So, I've set the goal for my weight loss at 191 pounds. Generally speaking, I'm looking for a transition similar to the one in the photo at left. I don't think that should be too tough.
The next step, then, is to define the parameters of my weight loss program. In addition to a diet regimen that won't be detailed here, I've determined that a reasonable amount of physical activity will be necessary to achieve the weight loss goals.
Here's the rub: I am averse to physical activity. In fact, I have spent the past two years working as Internet-based sports journalist operating out of my home, a situation that lends itself very easily to a sedentary lifestyle. Clearly this employment habitat has led to my current weight, but breaking the pattern will be difficult. So I put together a list of possible physical activities I could take up in the interest of perfecting my physique:
In-house exercises (sit-ups, etc.)
Thai kickboxing competitions
As is my habit, I have been able to find complications with each possibility.
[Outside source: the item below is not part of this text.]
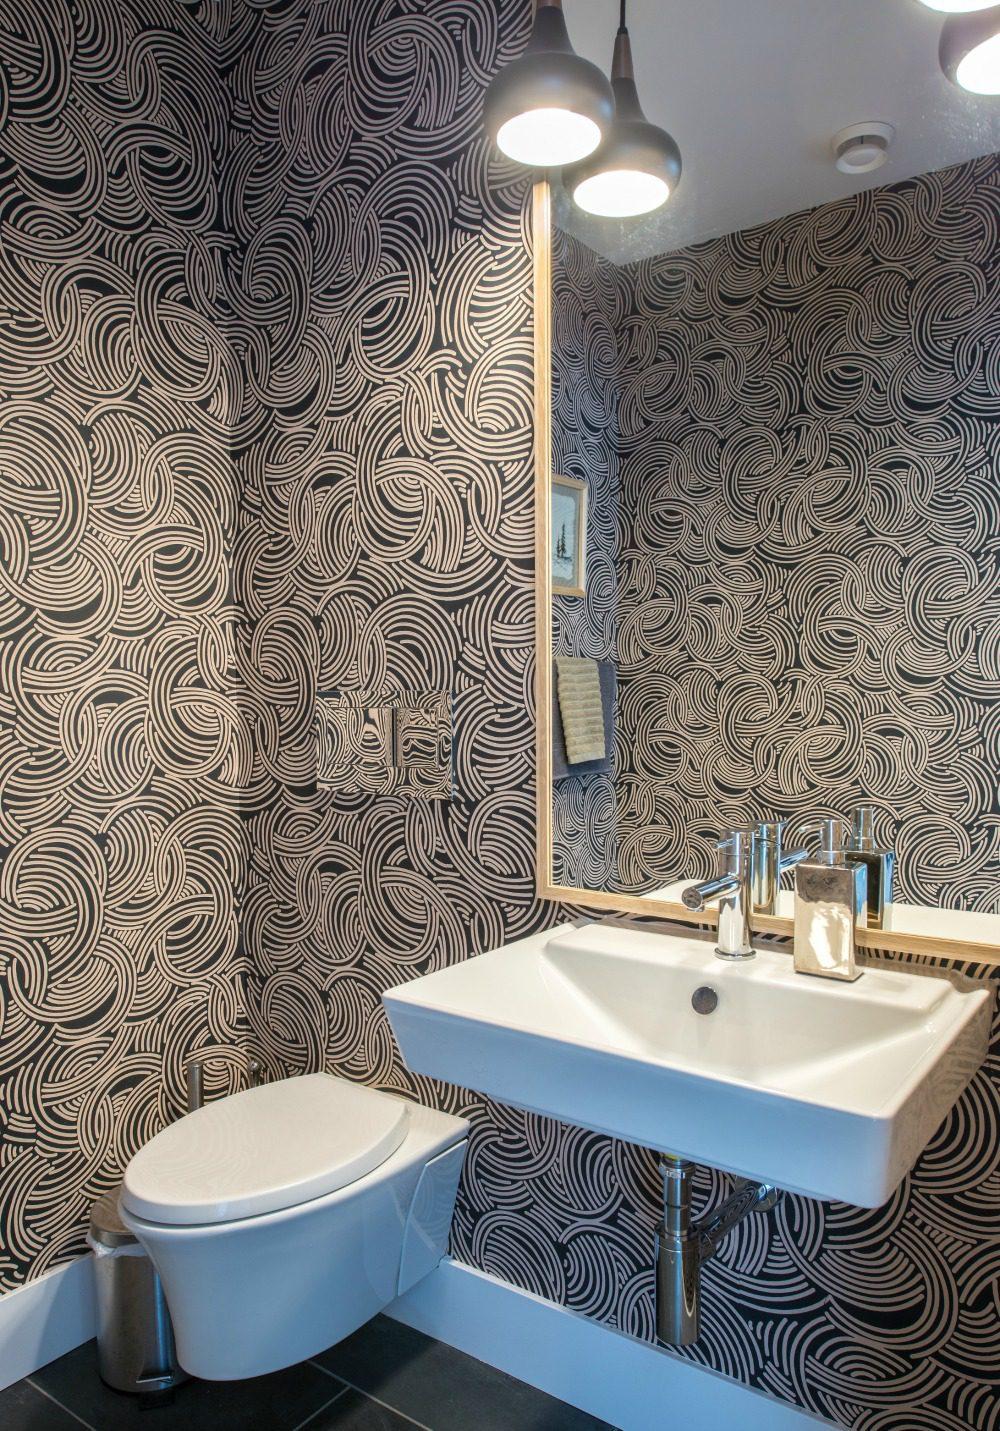 Inspirational custom wallpaper black and white

Running is far too strenuous; when I get in the pool I tend to float rather than attempt movement; in-house exercises require motivation beyond what is available when I'm staring at my TV and computer and other distractions; gym exercises require gym memberships; and Thai kickboxing competitions require a passport, not to mention a chiseled physique and an undeniable ability to kick ass.
I meet none of those requirements, so it's back to square one (technically, setting a diet was square one, so determining a physical activity is square two, but you get the point).
So I had hit an impasse. Until salvation hit in the form of Suzanne Deason and Yoga for Weight Loss.
Now I embark on a crusade of proper breathing, stability, and inner balance. And, God willing, that Holy Grail of 191.